ISPCA CEO, Dr Andrew Kelly said: “The ISPCA believes that the new Farm to Fork strategy gives Ireland an opportunity to improve the welfare of farmed animals. In the 2016 EU Commission Barometer (No. 442) on the Attitudes of European Citizens to Animal Welfare, 84% of Irish Citizens indicated that they believed the welfare of farmed animals in Ireland should be better protected. The new strategy paves the way for intensive farming to be phased out over time and a move towards eating less but better, higher welfare meat products is very possible. Irish Citizens also indicated that they would be prepared to pay more for meat produced to higher welfare standards and honestly labelled (e.g. RSPCA Assured), so the farming industry should embrace this as farmers can and will benefit. Intensive farming in Ireland needs to be phased out to ensure that the highest welfare standards are in place and to ensure that the consumer is given a choice. It is little known in Ireland that of the approximately 3.5 million pigs slaughtered for human consumption annually in Ireland 99% are reared in intensive indoor units and 97% of piglets have their tails cut off without anaesthetic or pain relief to prevent biting, despite it being prohibited under the EU Pigs Directive over 10 years ago. Only recently has the Irish government started to address this issue and only because of pressure from the EU Commission. In addition 1.4 million laying hens in Ireland (54% of the total) are kept in intensive indoor units in ‘combi-cages’ which give each bird space the size, on average, of an A4 sheet of paper. Caged laying hens have very little quality of life and one could argue that they do not have a life worth living. The ISPCA supported the ECI End the Cage Age calling for an end to the use of cages for farmed animals and a move towards higher welfare standards attracting 1.6 million signatures from EU citizens. The new Farm to Fork strategy opens the door for a phase out of cages for laying hens in Ireland by 2025. This would also conform to the Department of Agriculture, Food and Marine (DAFM) animal welfare strategy due to be launched this year.”

 

1.4 million laying hens in Ireland are kept in cages (image above)

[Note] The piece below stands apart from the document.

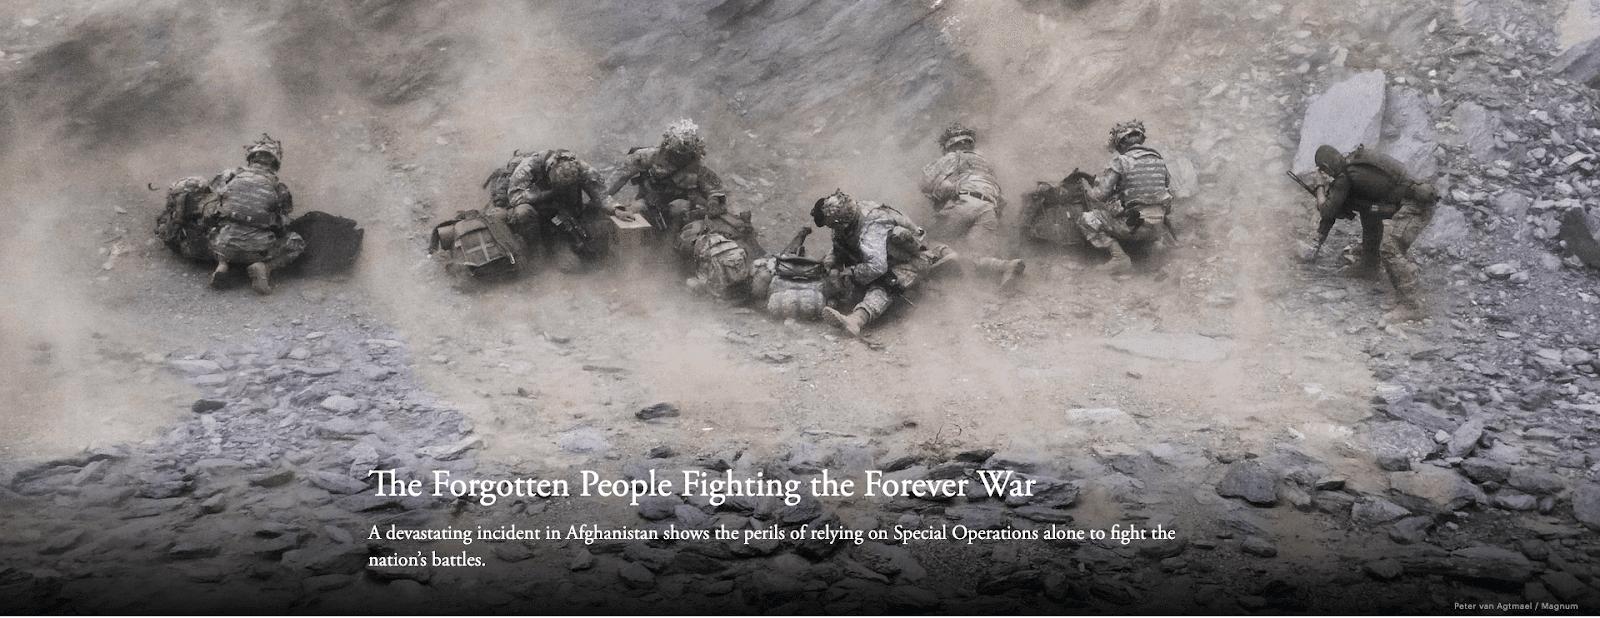 """The Forgotten People Fighting the Forever War"" memorable headline"

Both strategies recognise that the wildlife trade and intensive farming together add up to more than the sum of their parts, and not just where zoonosis such as COVID-19 are concerned. The Biodiversity to 2030 Strategy states several times that it will work in tandem with the new Farm to Fork Strategy and the revised Common Agricultural Policy (CAP), and that the Commission will ensure that the CAP’s strategic plans lead to the use of sustainable practices such as organic farming, agro-ecology, and stricter animal welfare standards. Similarly, the Farm-to-Fork Strategy asserts that “the Commission will ensure the implementation of this strategy in close coherence with the other elements of the Green Deal, particularly the Biodiversity strategy”.

The finalised strategies will now be rolled out, with the European Parliament adopting a resolution on the content later this year.

The ISPCA will be working with our colleagues at Eurogroup for Animals and its 70 fellow-member NGOs across Europe and beyond, to influence the European Parliament’s response to the two strategies, to mobilise Irish and other European citizens in the days ahead by contacting their MEPs and making their voices (and Eurogroup for Animal’s and their members, including the ISPCA’s) recommendations heard.